- _WHAT YOU NEED TO DO_: Your answer must be an exact copy of the data, without any pictures.

- _AVAILABLE DATA_:
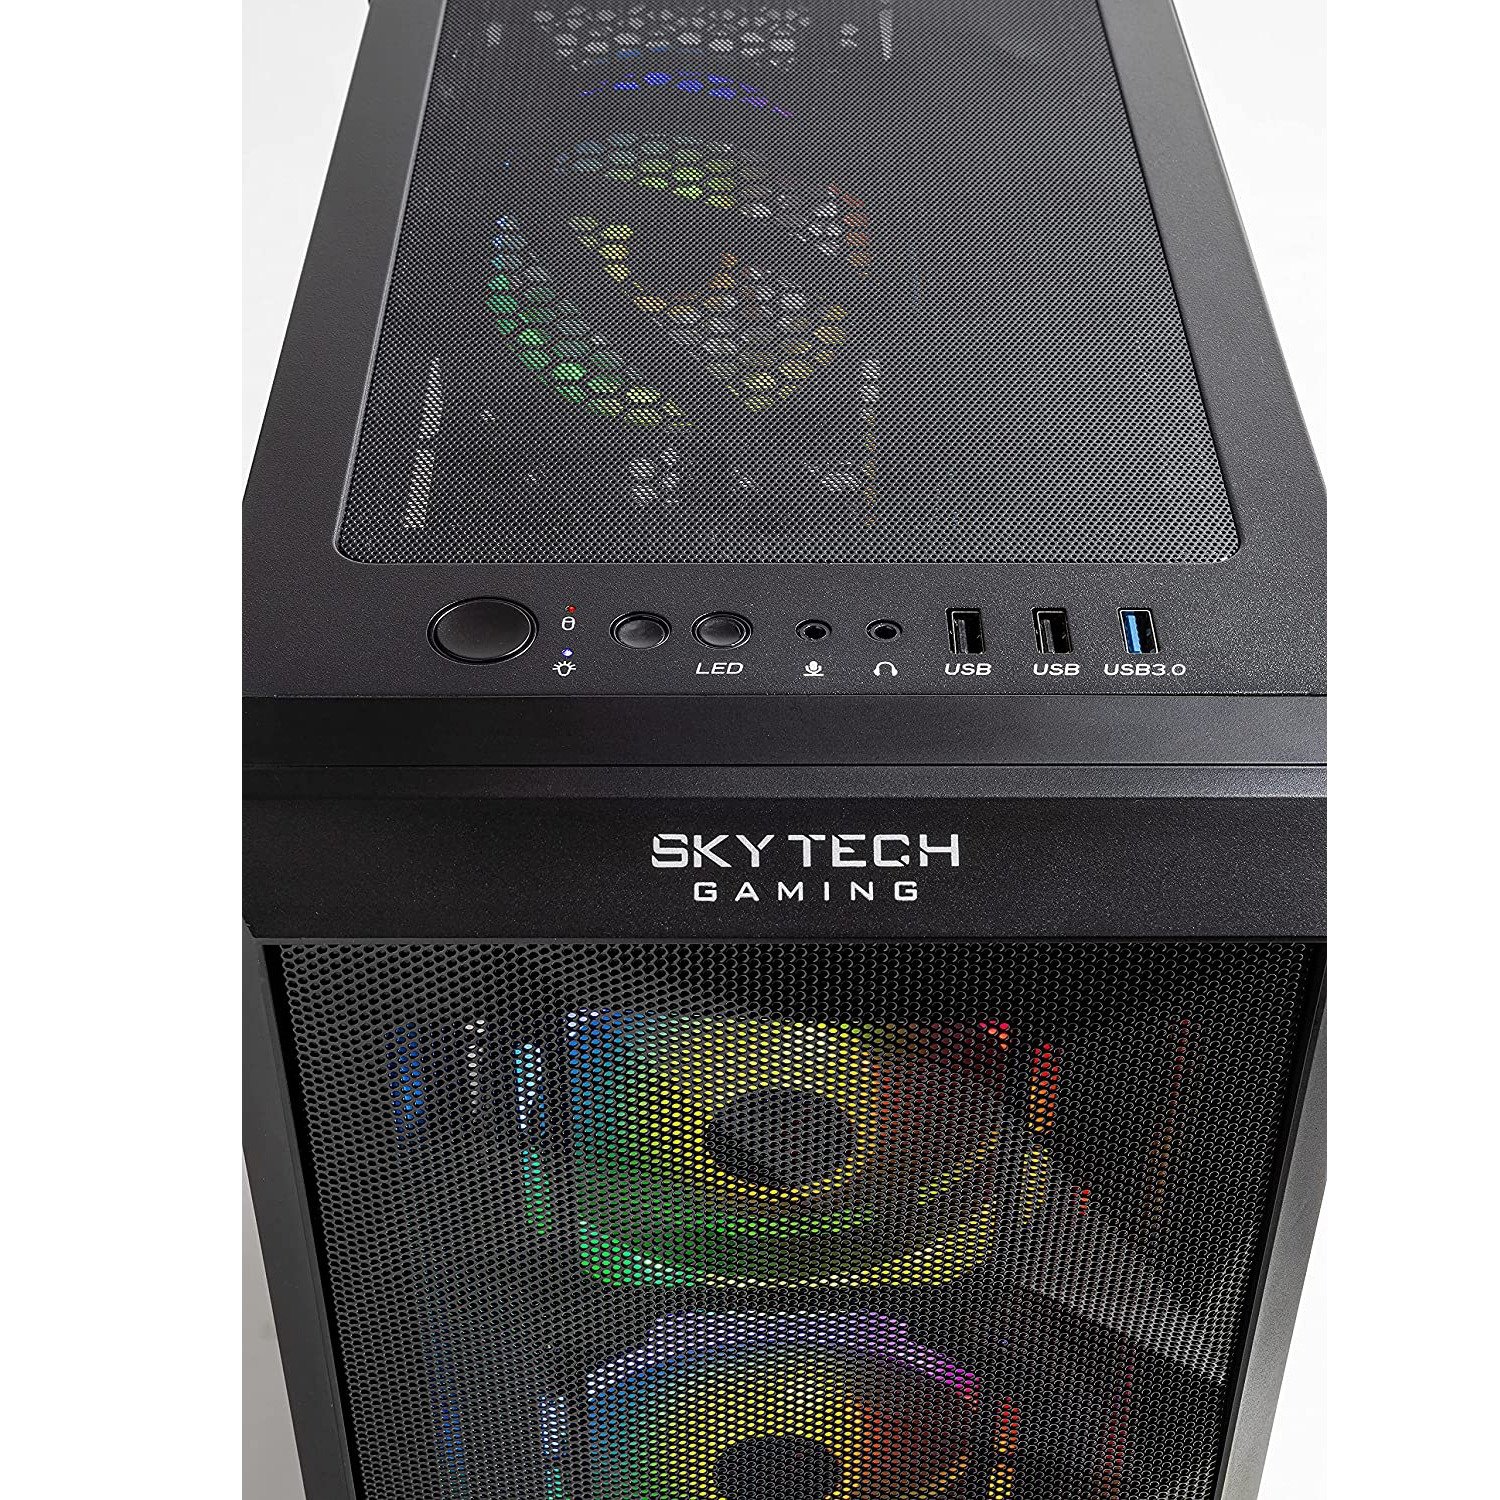 Skytech Chronos Mini Gaming Pc Desktop- AMD Ryzen 3 1200 4-Core
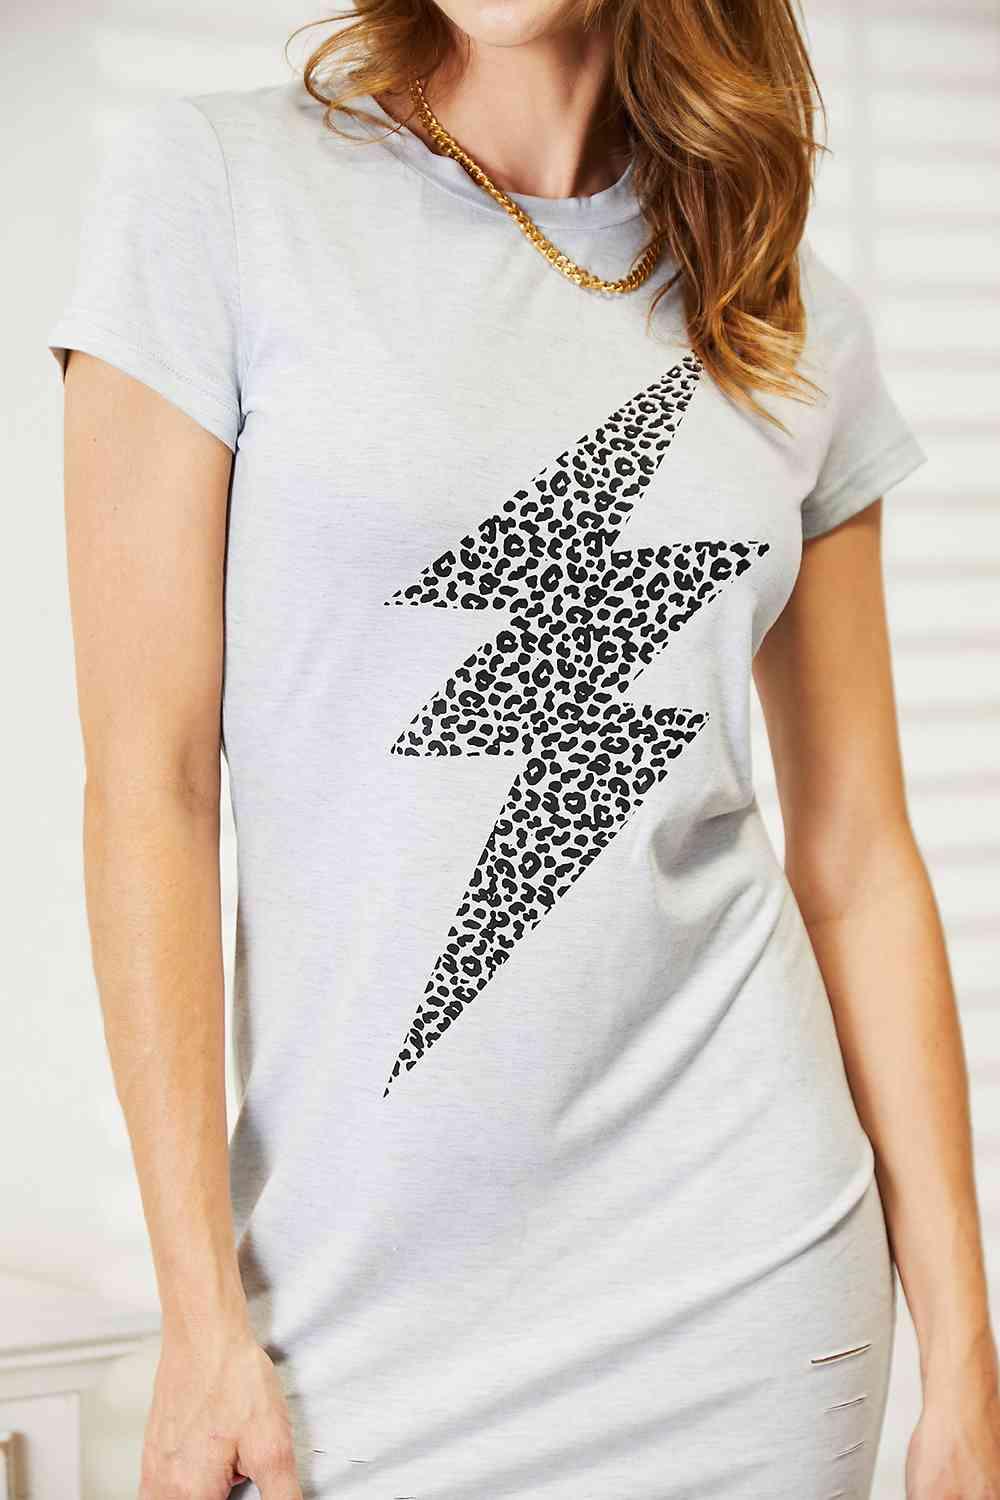 Double Take Leopard Lightning Graphic Tee Dress - AMIClubwear
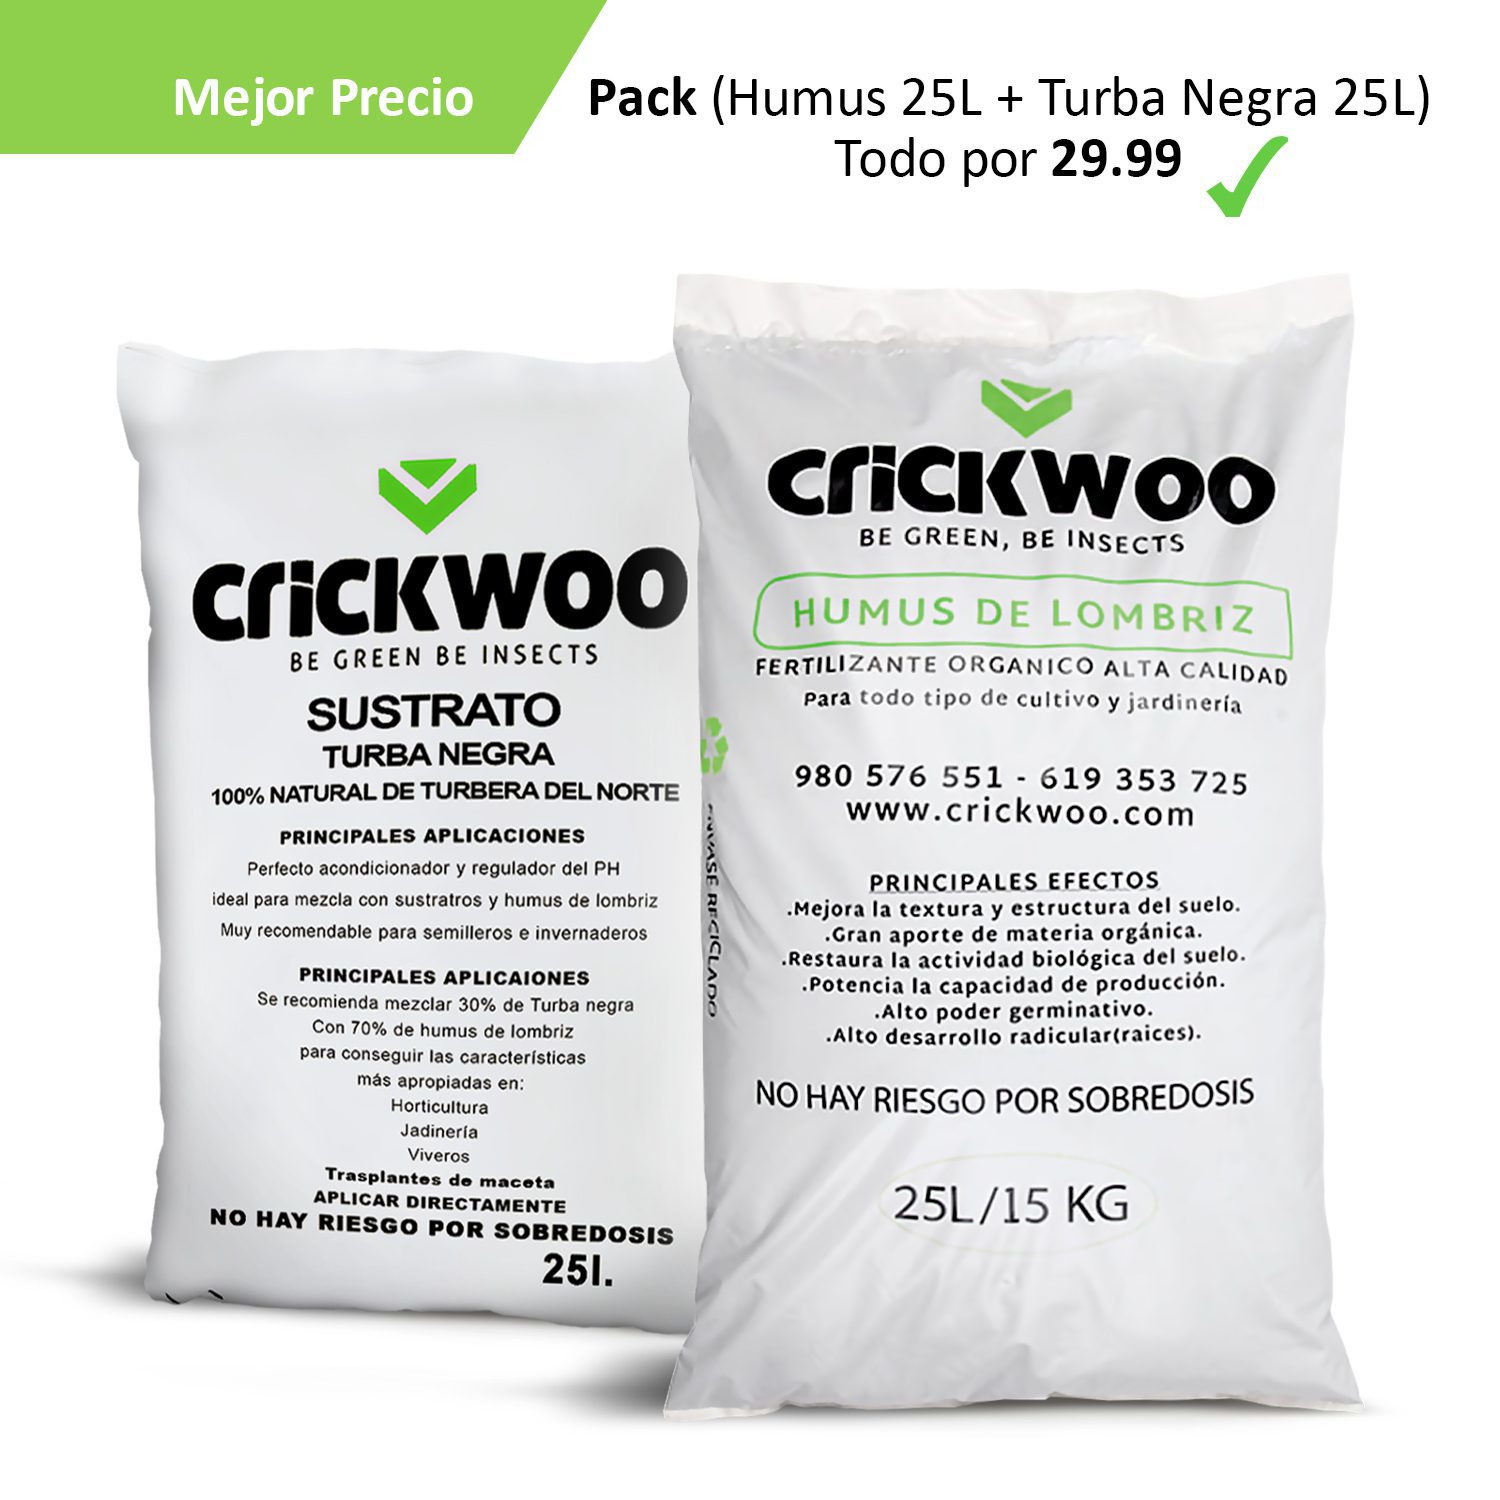 010 Pack of 25L humus and 25L peat bag with price
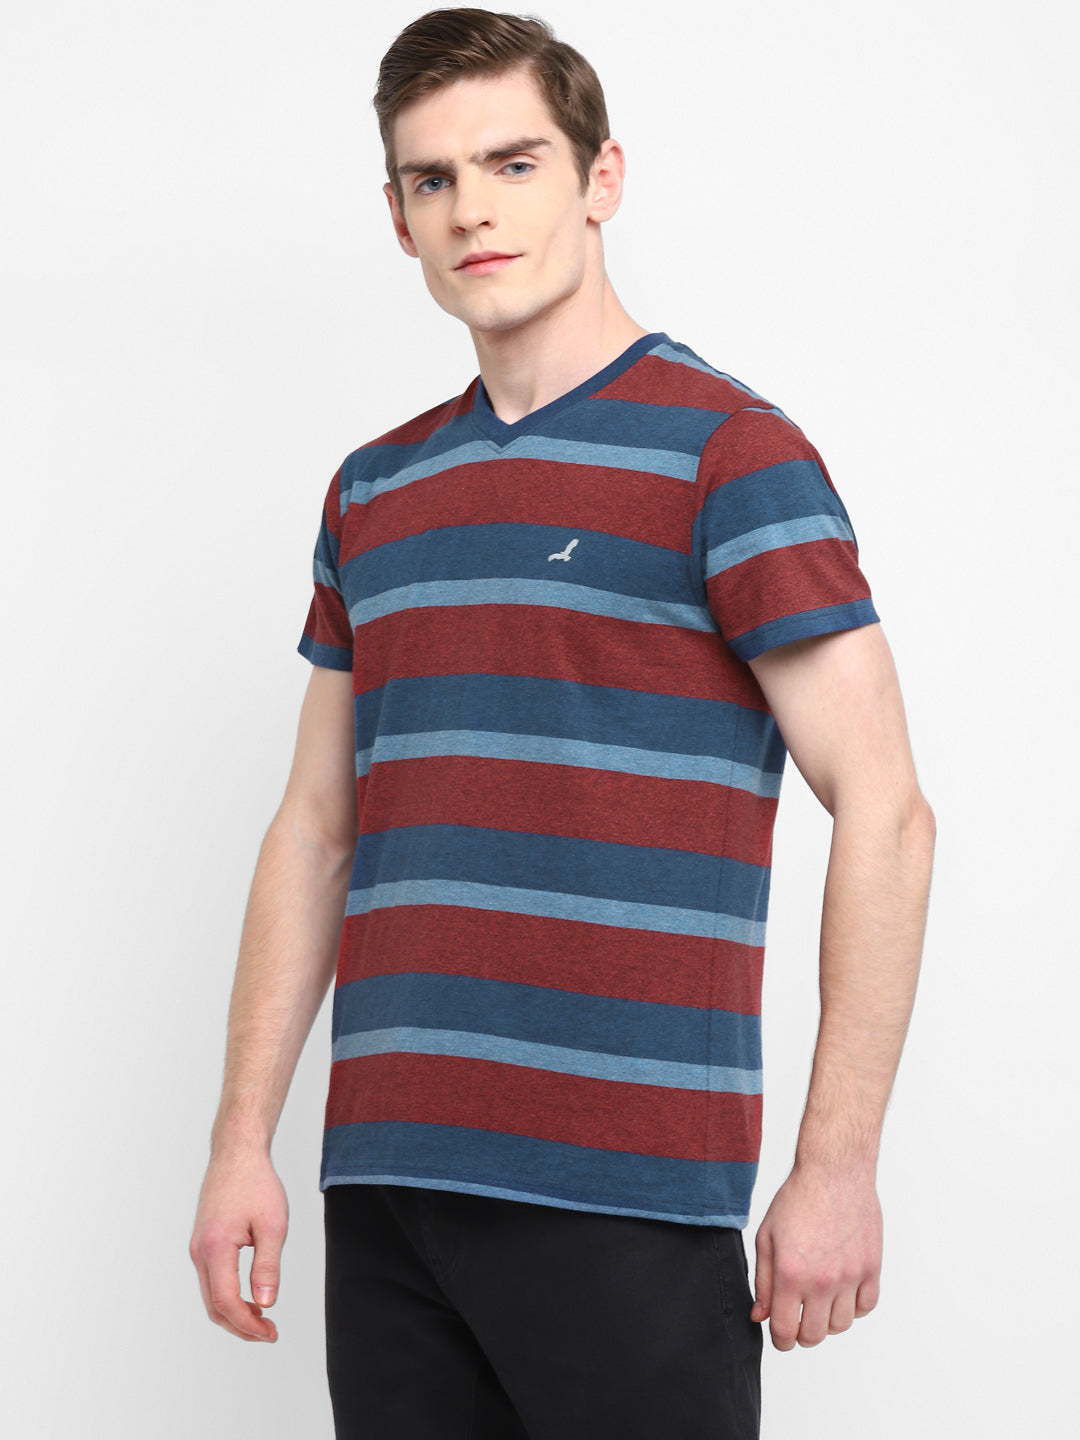 Premium Basics - 100% Cotton Striped V Neck T-Shirt For Men - Blue & Red

- _REPLY_:
 Skytech Chronos Mini Gaming Pc Desktop- AMD Ryzen 3 1200 4-Core
 Double Take Leopard Lightning Graphic Tee Dress - AMIClubwear
 010 Pack of 25L humus and 25L peat bag with price
 Premium Basics - 100% Cotton Striped V Neck T-Shirt For Men - Blue & Red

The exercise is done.